Data

────────────────────

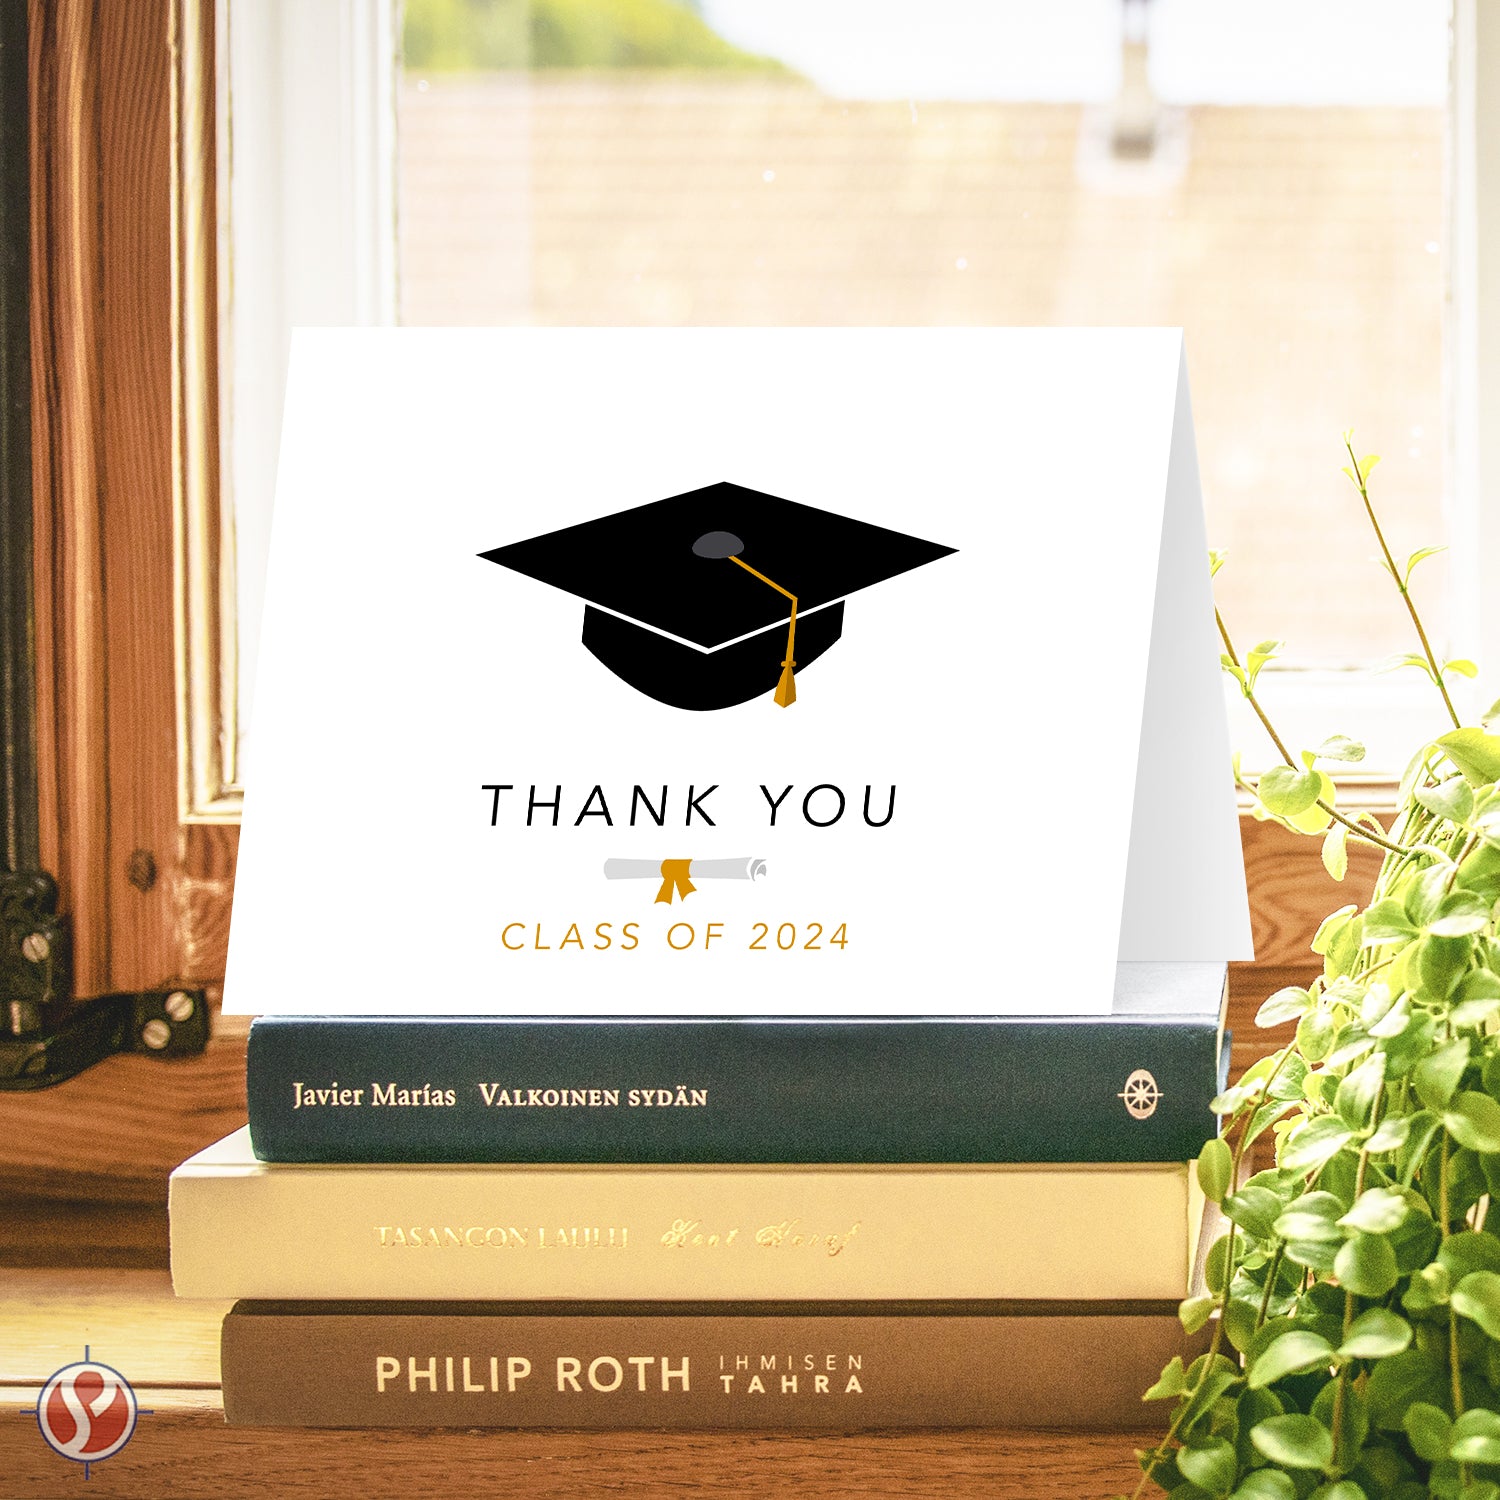 Tarjetas de graduación 2023 - Tarjeta de agradecimiento: una manera linda y elegante de expresar gratitud
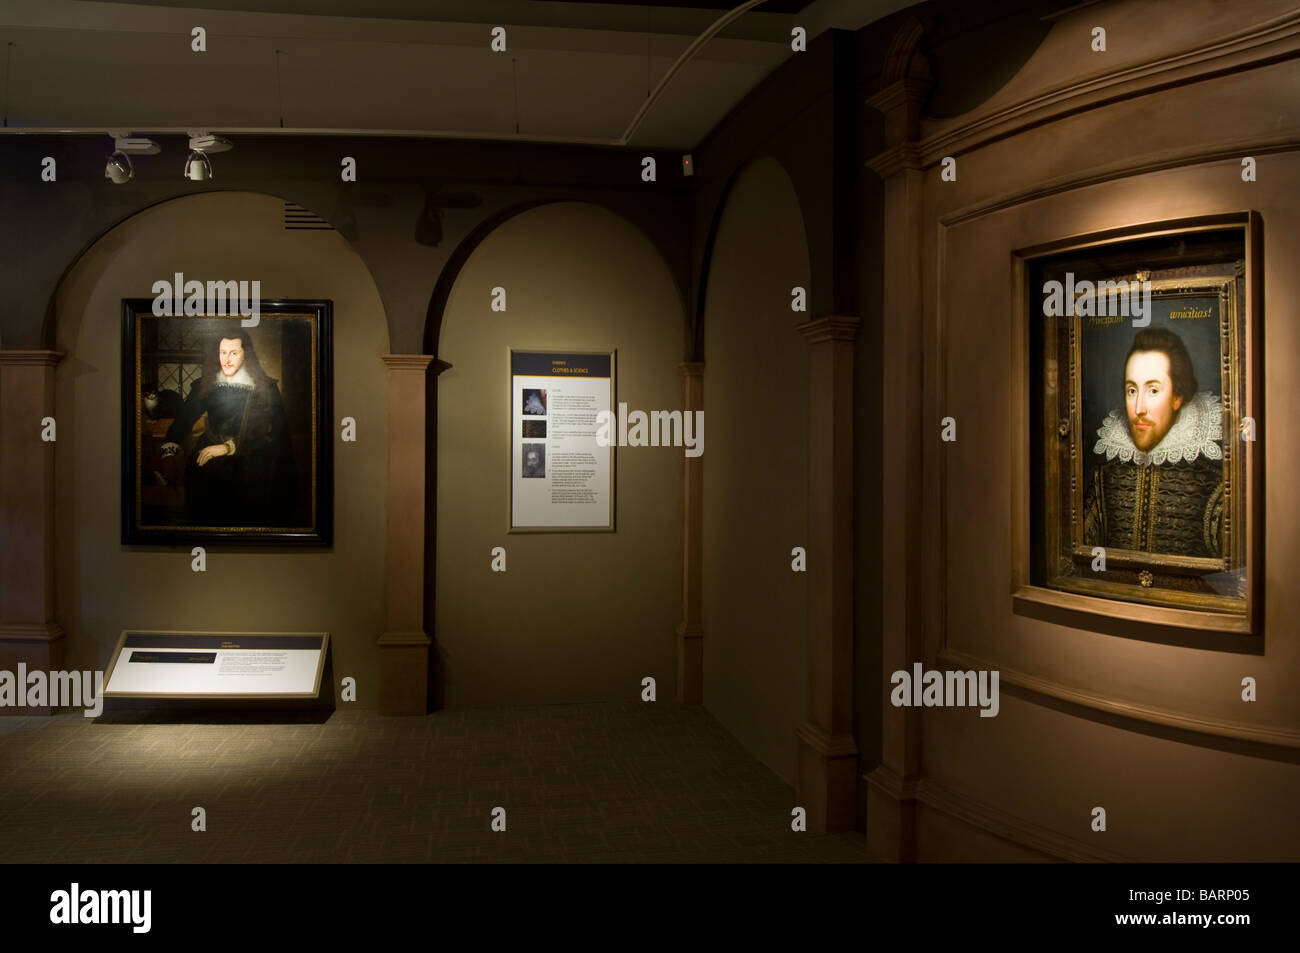 Das "Cobbe" Porträt (rechts) von William Shakespeare in der "Shakespeare gefunden" Ausstellung im Shakespeare Birthplace Trust. Stockfoto
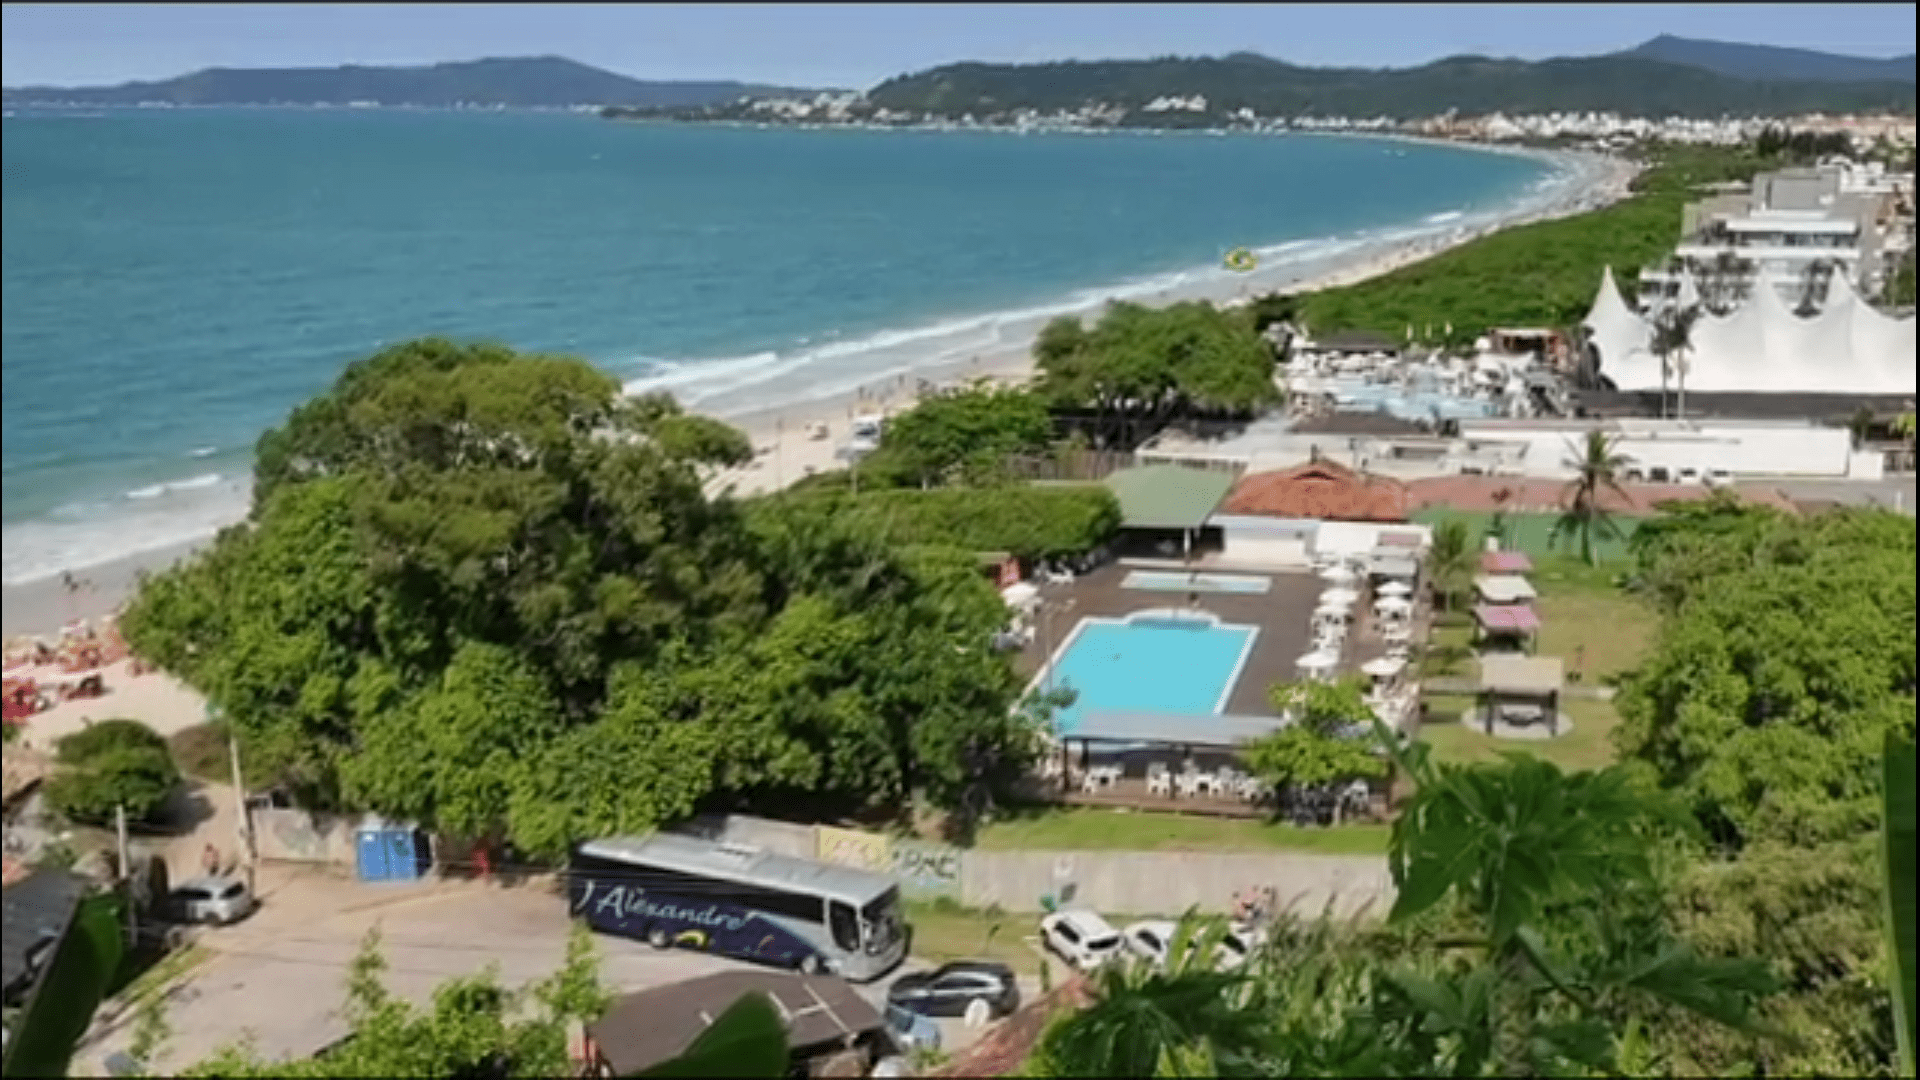 14 Retiro Nacional - Florianópolis - SC : Conhecendo as belezas da ilha de Florianópolis - SC.

────────────────────

Task requirements
Copy all the material exactly; omit images.

Final answer
 Tarjetas de graduación 2023 - Tarjeta de agradecimiento: una manera linda y elegante de expresar gratitud
 Das "Cobbe" Porträt (rechts) von William Shakespeare in der "Shakespeare gefunden" Ausstellung im Shakespeare Birthplace Trust. Stockfoto
 14 Retiro Nacional - Florianópolis - SC : Conhecendo as belezas da ilha de Florianópolis - SC.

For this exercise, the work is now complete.